Zulmün coğrafyayı sardığı anda, şirkin, fenalığın ve baskının gerek toplum eliyle gerekse kurumlar eliyle işlene gelir olduğunda Rabbimiz''in gönderdiği vahiy, susturulmuş mustazafların haykırmak isteyipte haykıramadığı "Yeter ey zalim" fısıltınsın gök gürültüsü edası ile tüm coğrafyada yankılanma halidir. Mazlumların kısık iniltileri ve feryatları vahyi haykıran elçilerin dilinde gür bir sedaya dönüşmüş, harp meydanlarındaki yenilmez yiğitlerin meydan okuyuş naralarını andırmıştır. Tıpkı kimsenin korkudan yüzüne dahi bakmadığı zalim Firavun''a Hz. Musa(a.s.)''ın kardeşi ile birlikte tebliğe gönderilmesi gibi"

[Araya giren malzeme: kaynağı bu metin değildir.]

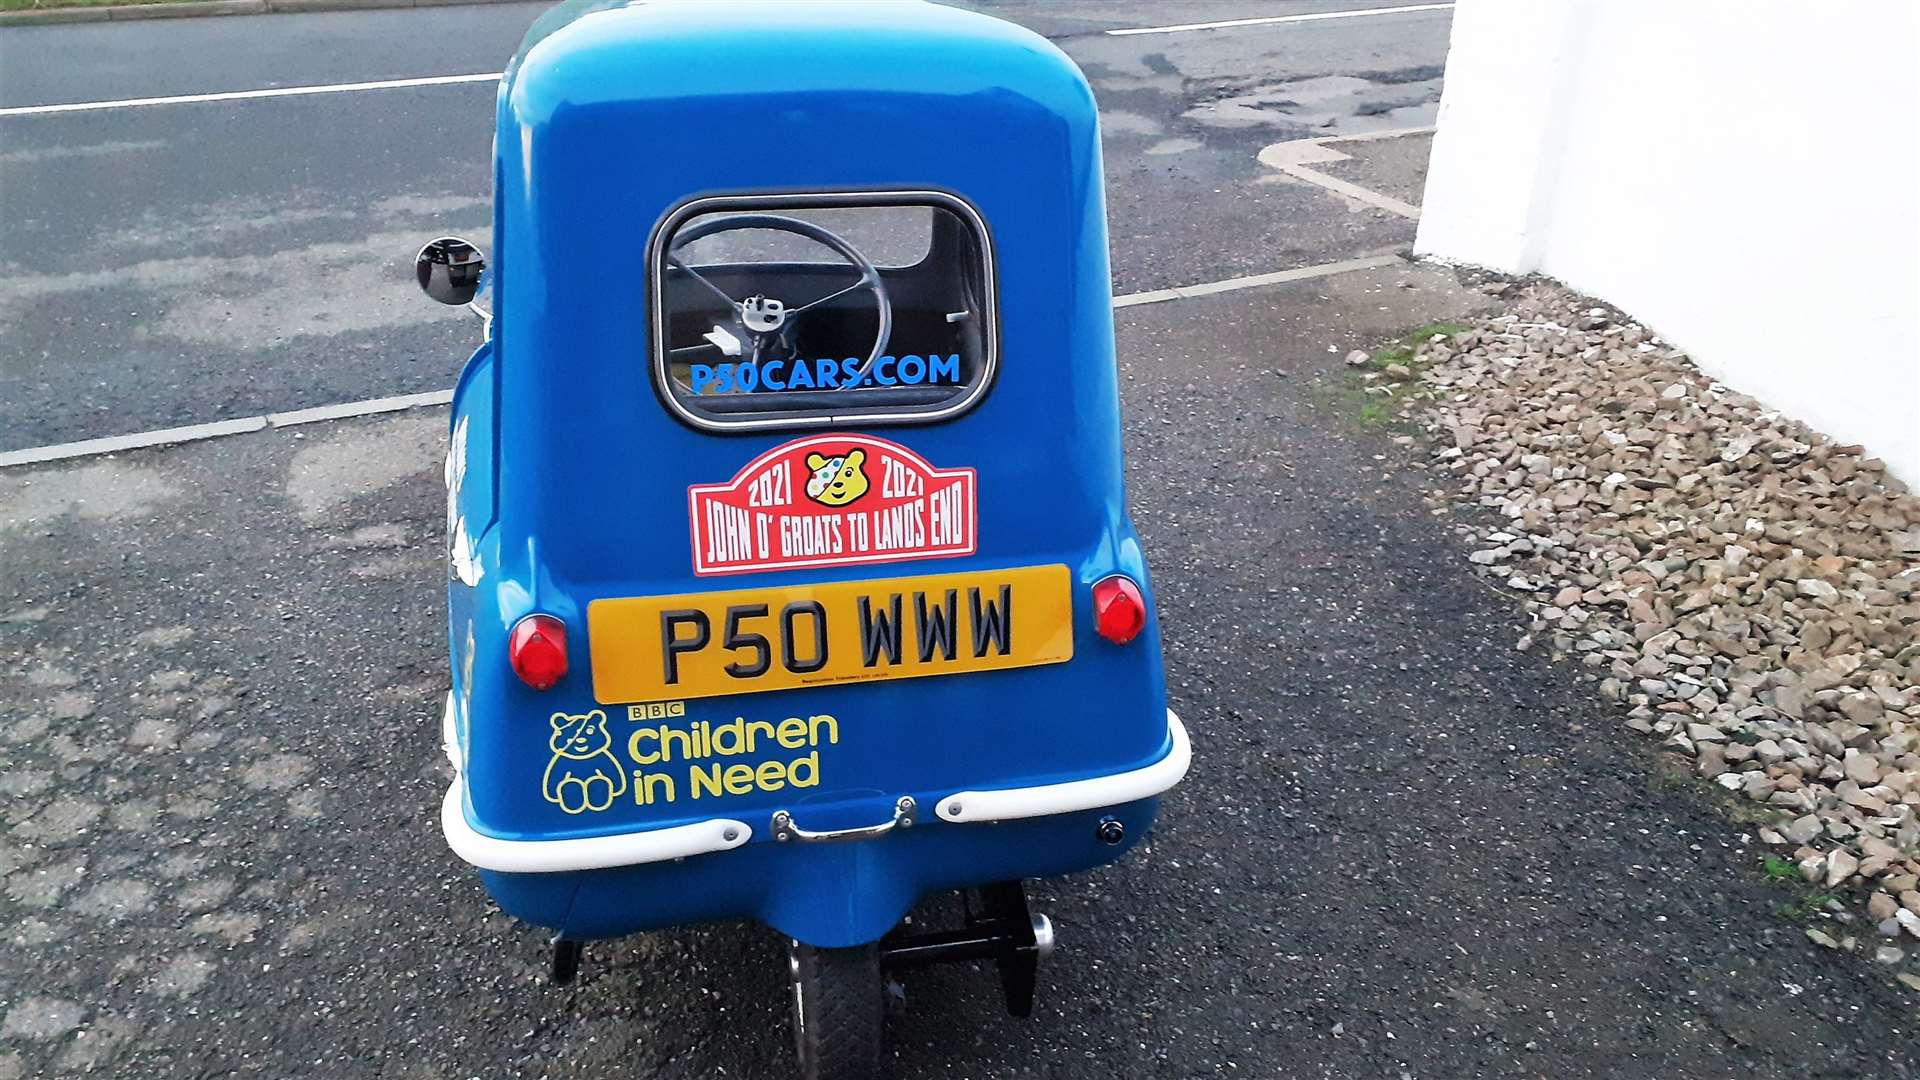 The Peel P50 has a top speed of 35mph and is powered by a moped engine.

Kurumsallaşan zulüm karşısında inleyen halk kitleleri kendilerine gönderilecek bir kurtarıcı beklemek yerine kendilerine zaten daha önceden gönderilmiş kurtarıcıları iyi okumayı öğrenmelidir. Bize vahyin ulaşmasına vesile olan Hz. Muhammed (s.a.v)''i ve Kur''an''daki diğer kılavuz ve elçileri...(selam hepsinin üzerine olsun).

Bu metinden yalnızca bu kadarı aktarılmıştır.